§ **EXERCISE PROMPT**
Give back exactly the lines of the material below that start at the one holding "Ilve Professional Plus" and end at the last line, minus the pictures.

§ **RECORDED DATA**
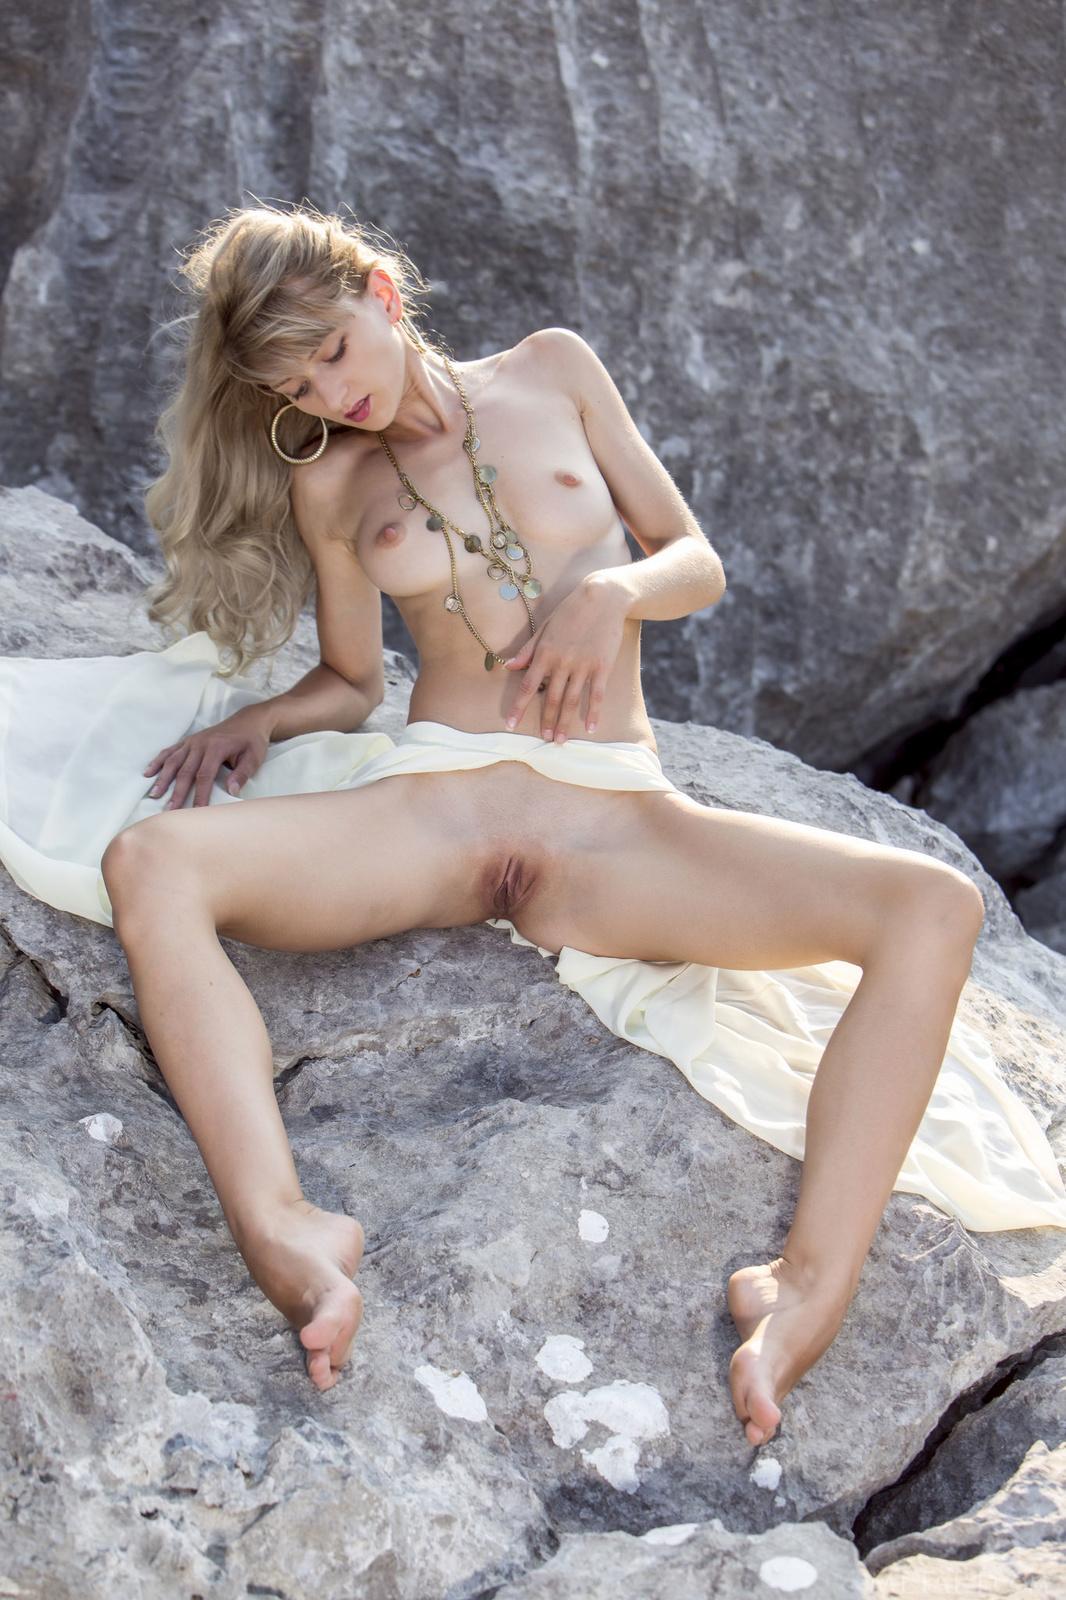 Zdjęcie porno - 04 - Suczka na skale
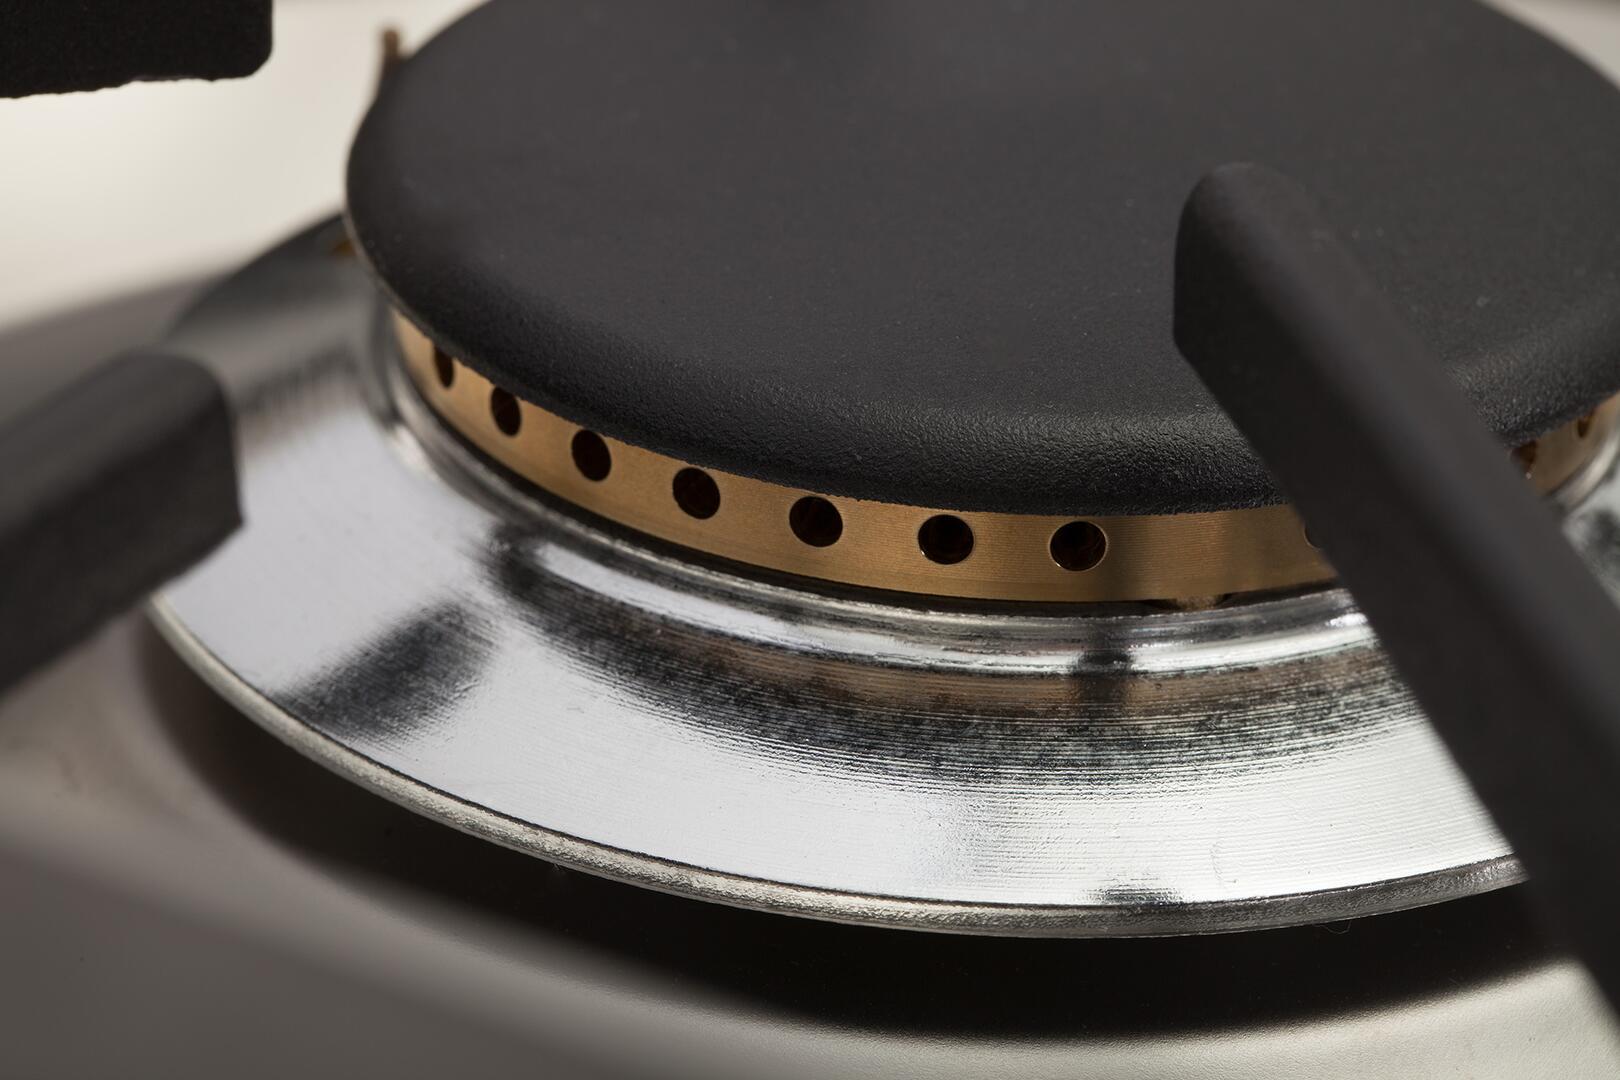 Ilve Professional Plus UPDW100FDMPM Freestanding Dual Fuel Range Gray, 5
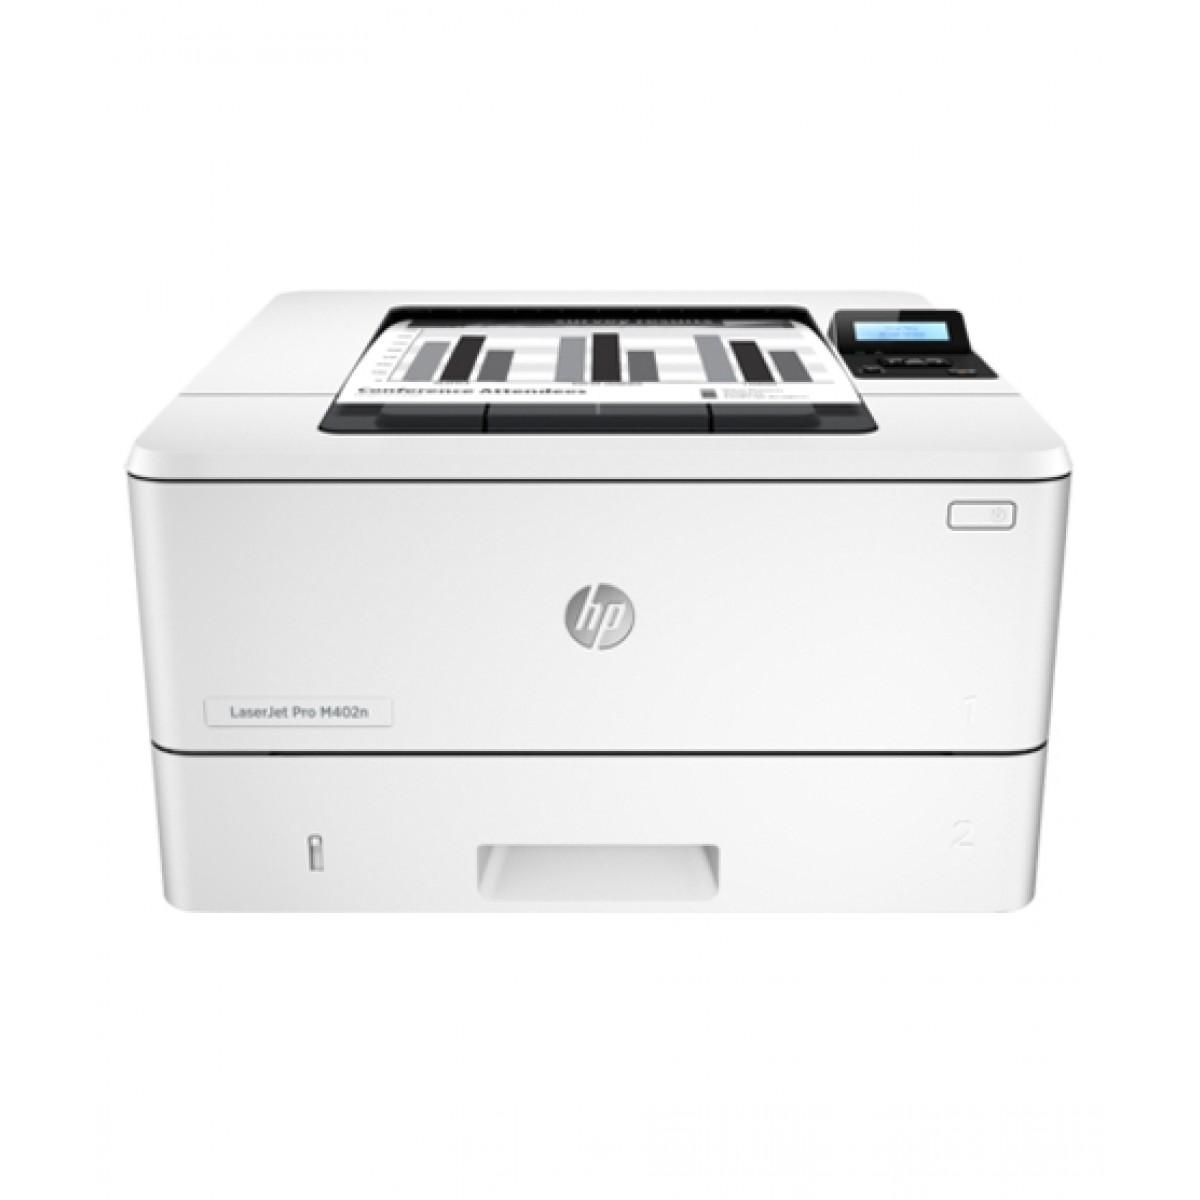 HP LaserJet Pro M402n Printer (C5F93A) - Without Warranty
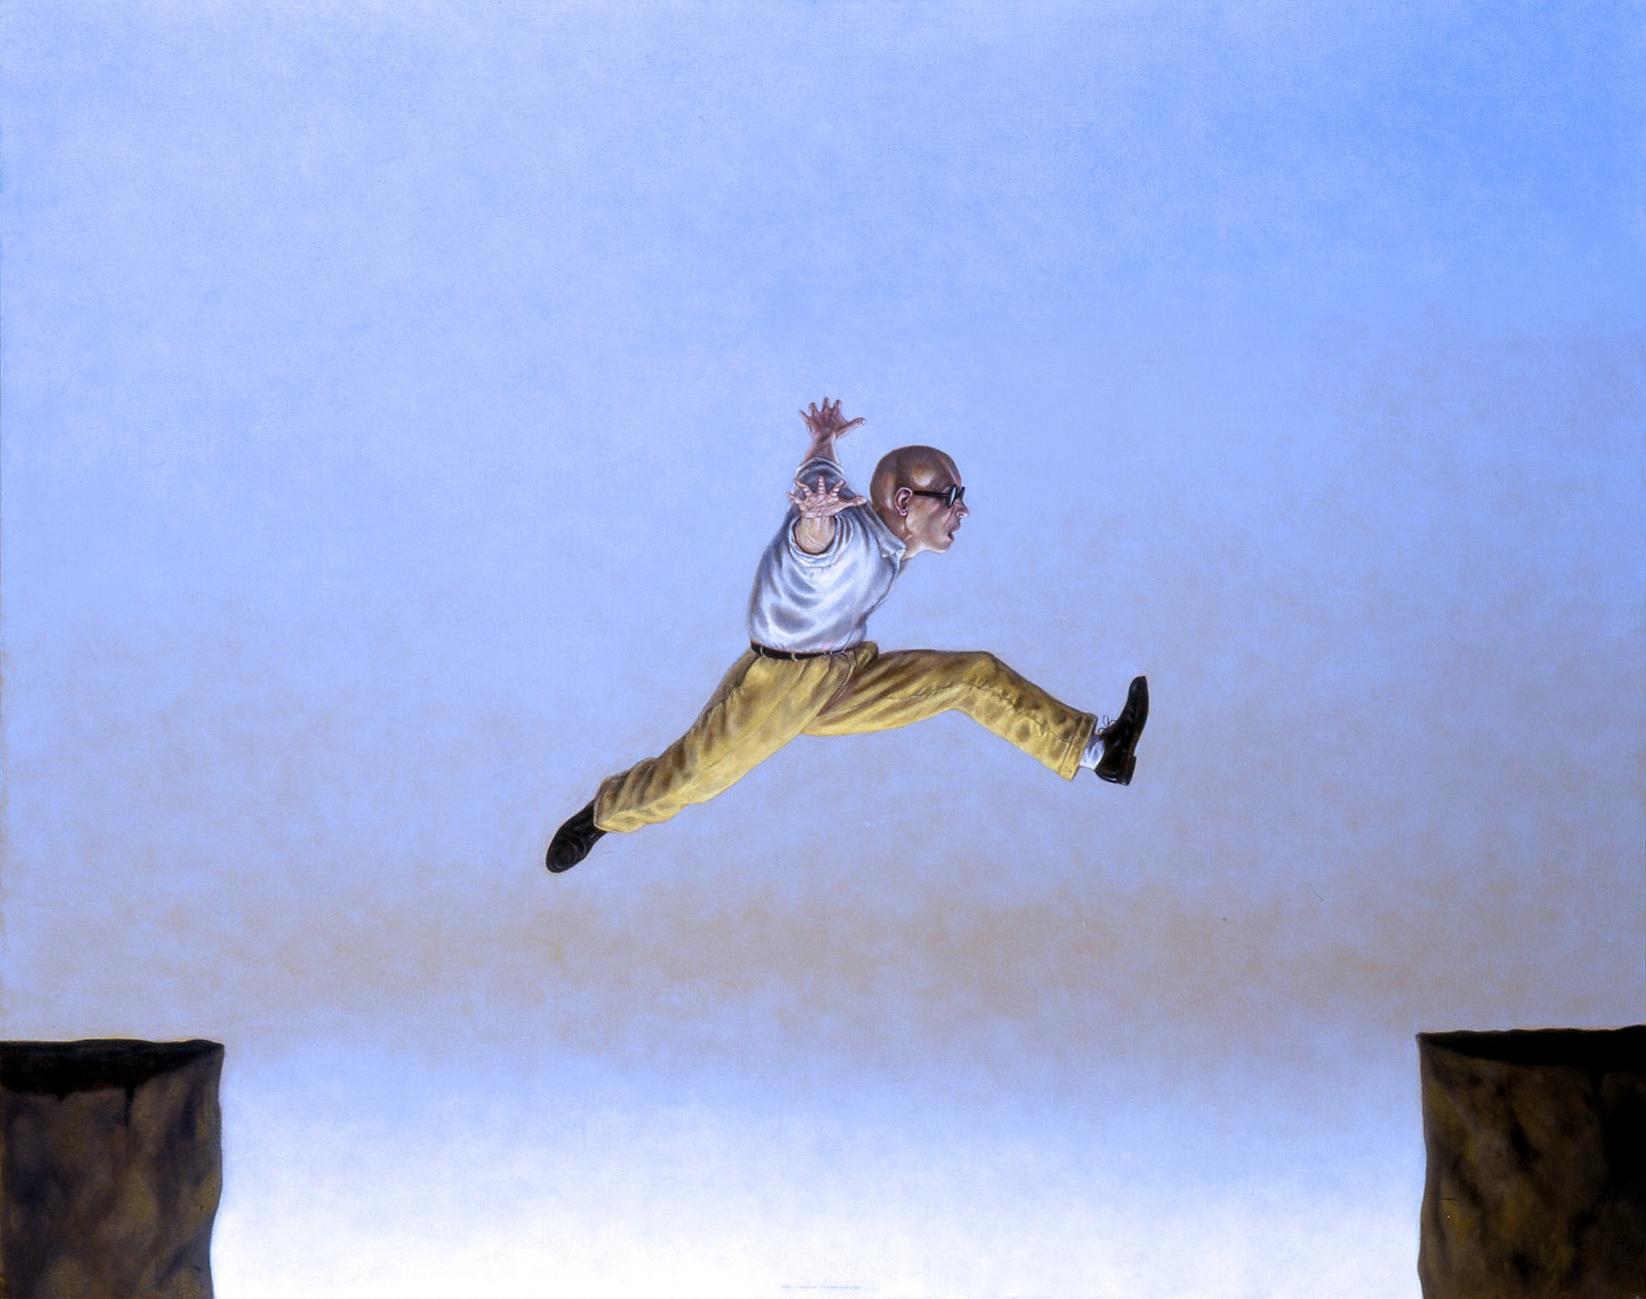 Welcome page: Jumping Man by David Dalla Venezia

§ **SOLUTION FOR THIS TASK**
 Ilve Professional Plus UPDW100FDMPM Freestanding Dual Fuel Range Gray, 5
 HP LaserJet Pro M402n Printer (C5F93A) - Without Warranty
 Welcome page: Jumping Man by David Dalla Venezia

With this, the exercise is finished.